__Exercise directions__
From the first line to the last, copy the data exactly and drop the pictures.

__Data extract__

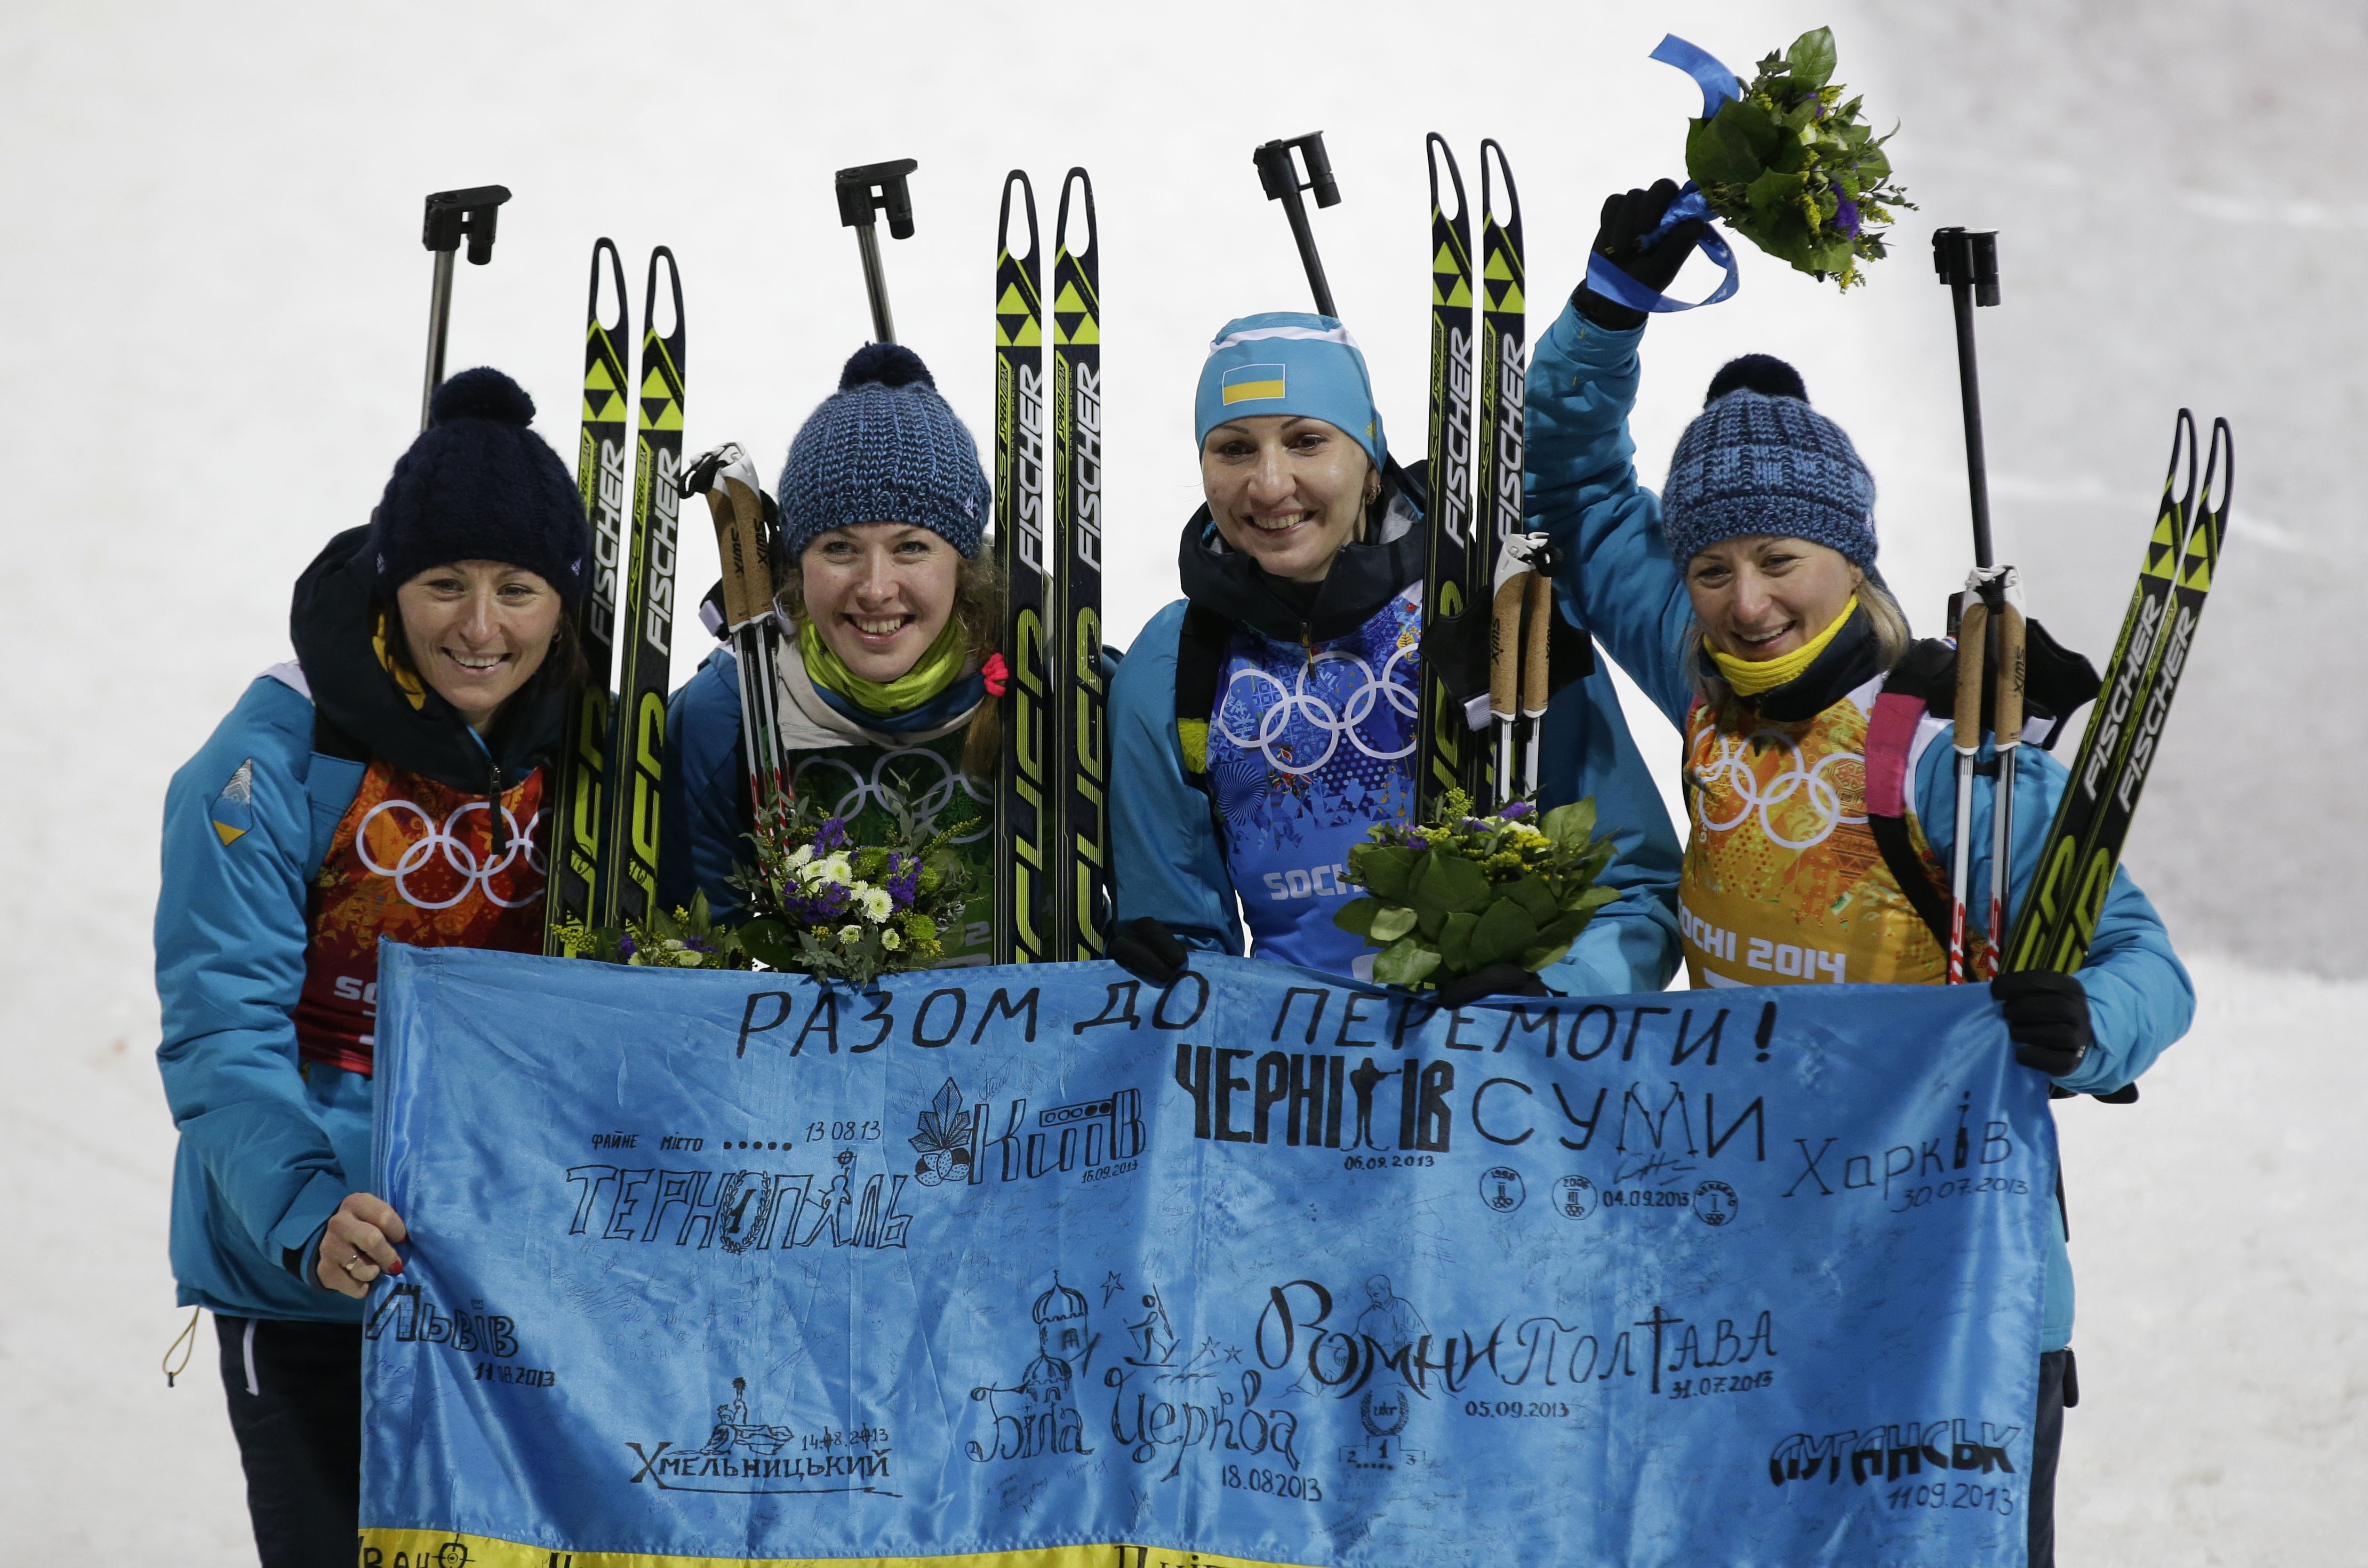 From left, Ukraine's relay team Vita Semerenko, Juliya Dzhyma, Olena Pidhrushna and Valj Semerenko pose with an Ukraine's flag, after winning the gold medal in the women's biathlon 4x6k relay at the 2014 Winter Olympics, Friday, Feb. 21, 2014, in Krasnaya Polyana, Russia. (AP Photo/Lee Jin-man)
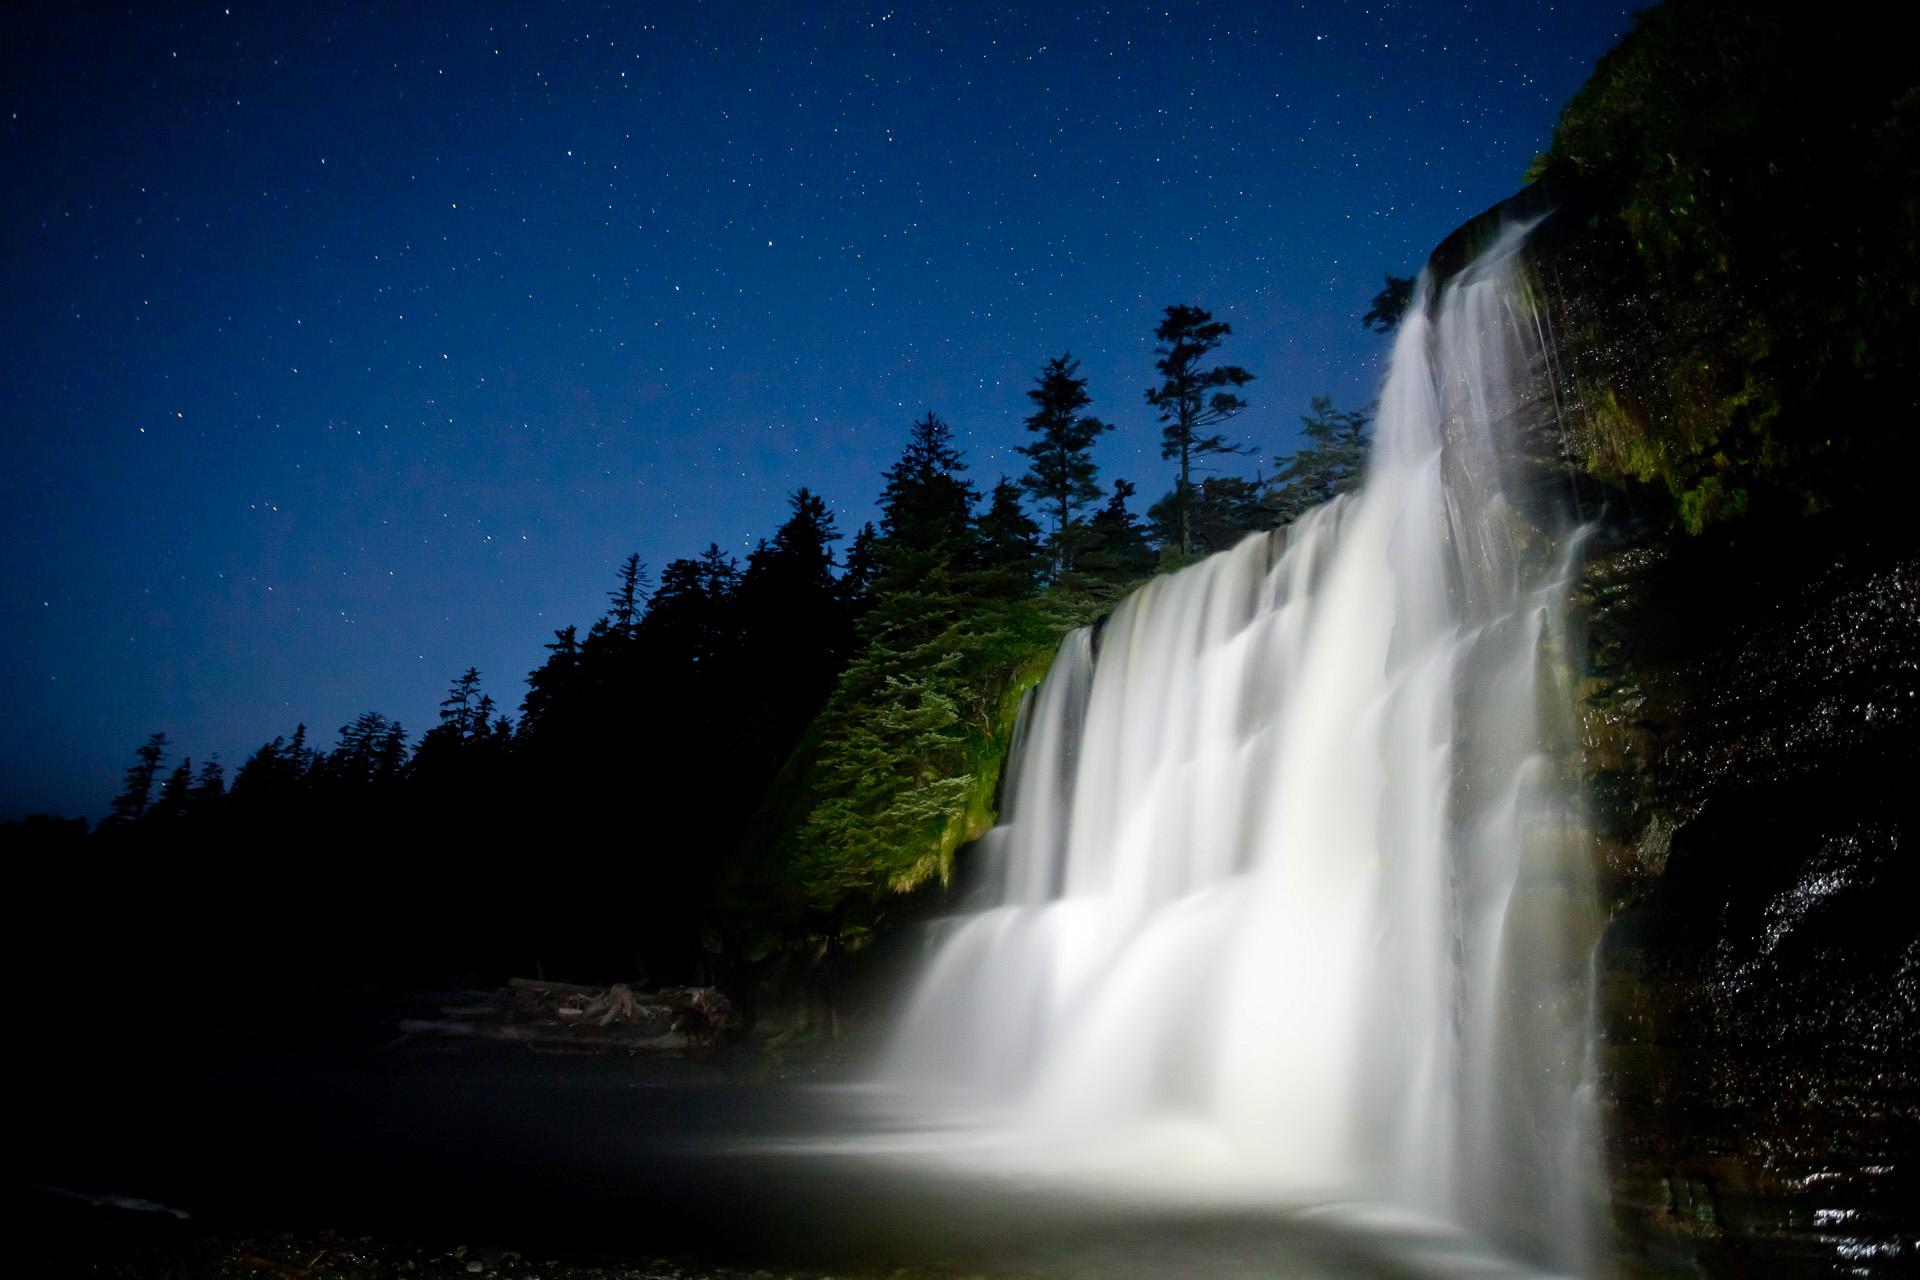 west-coast-trail-tsusiat-falls-night-time.jpg
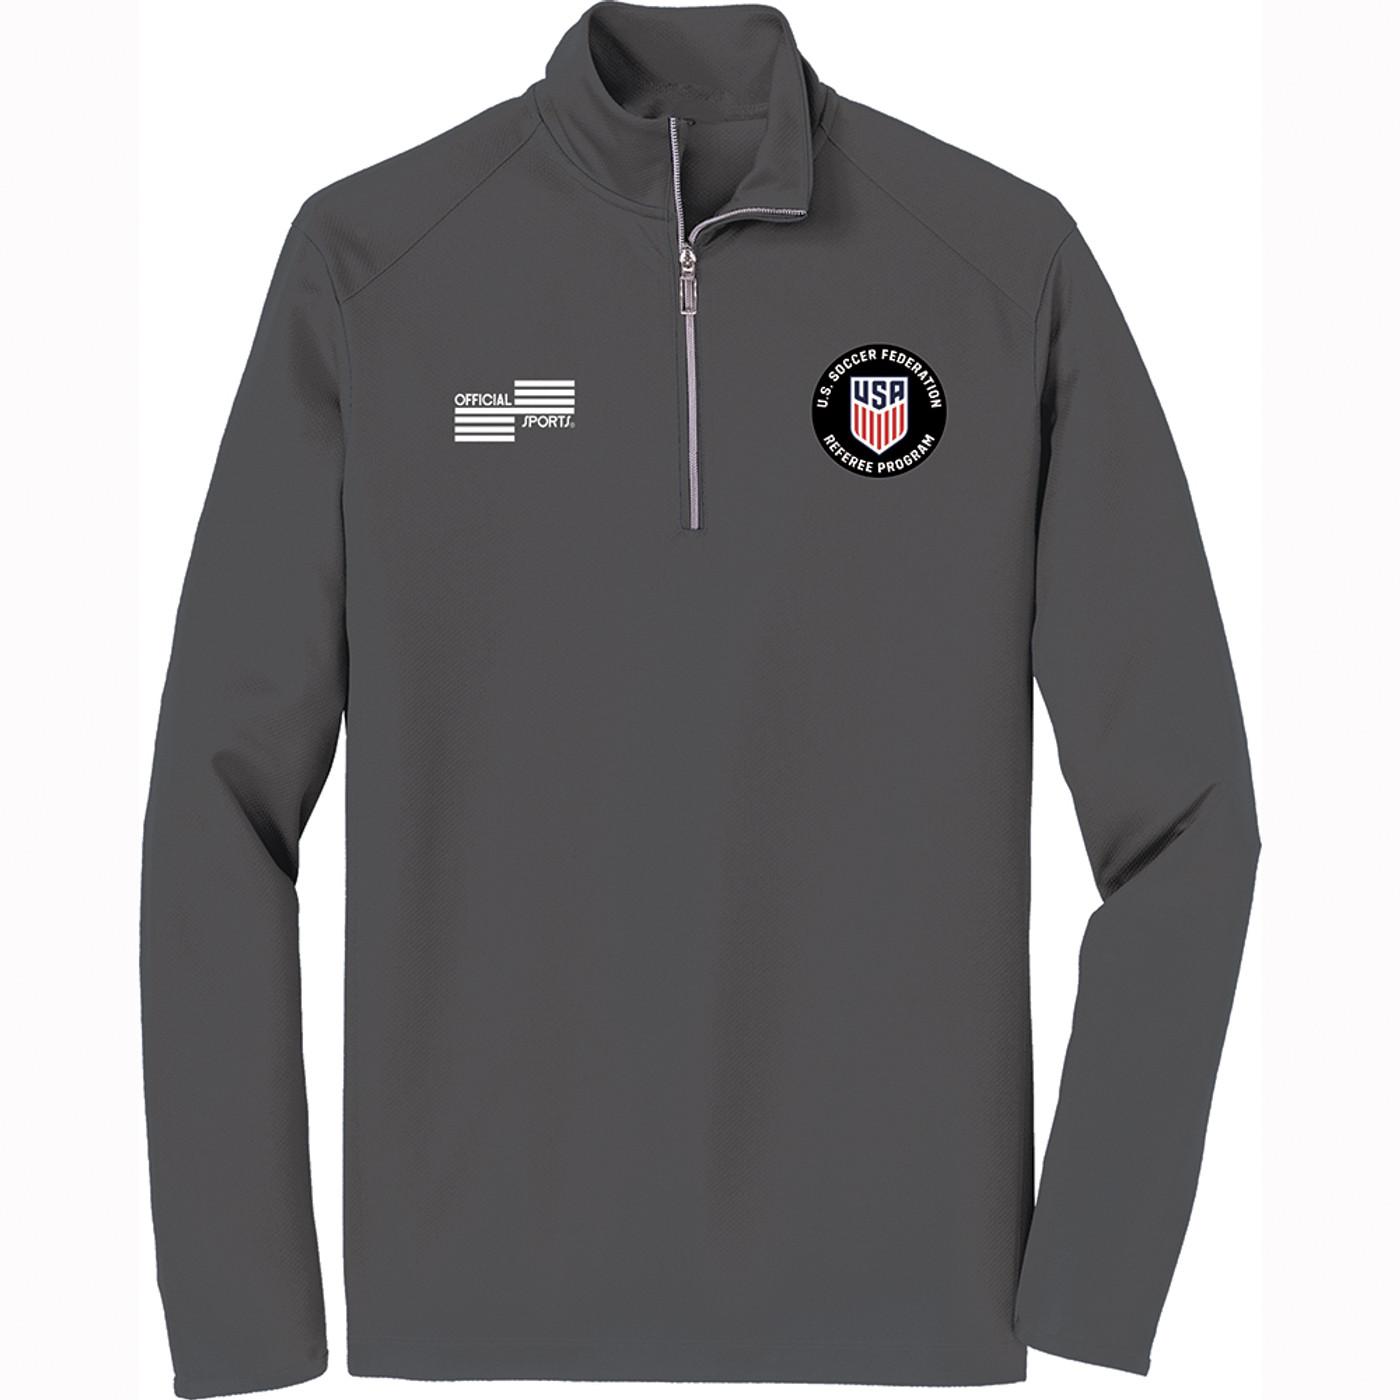 2223CL USSF Quarter Zip Long Sleeve

__Response__
 From left, Ukraine's relay team Vita Semerenko, Juliya Dzhyma, Olena Pidhrushna and Valj Semerenko pose with an Ukraine's flag, after winning the gold medal in the women's biathlon 4x6k relay at the 2014 Winter Olympics, Friday, Feb. 21, 2014, in Krasnaya Polyana, Russia. (AP Photo/Lee Jin-man)
 west-coast-trail-tsusiat-falls-night-time.jpg
 2223CL USSF Quarter Zip Long Sleeve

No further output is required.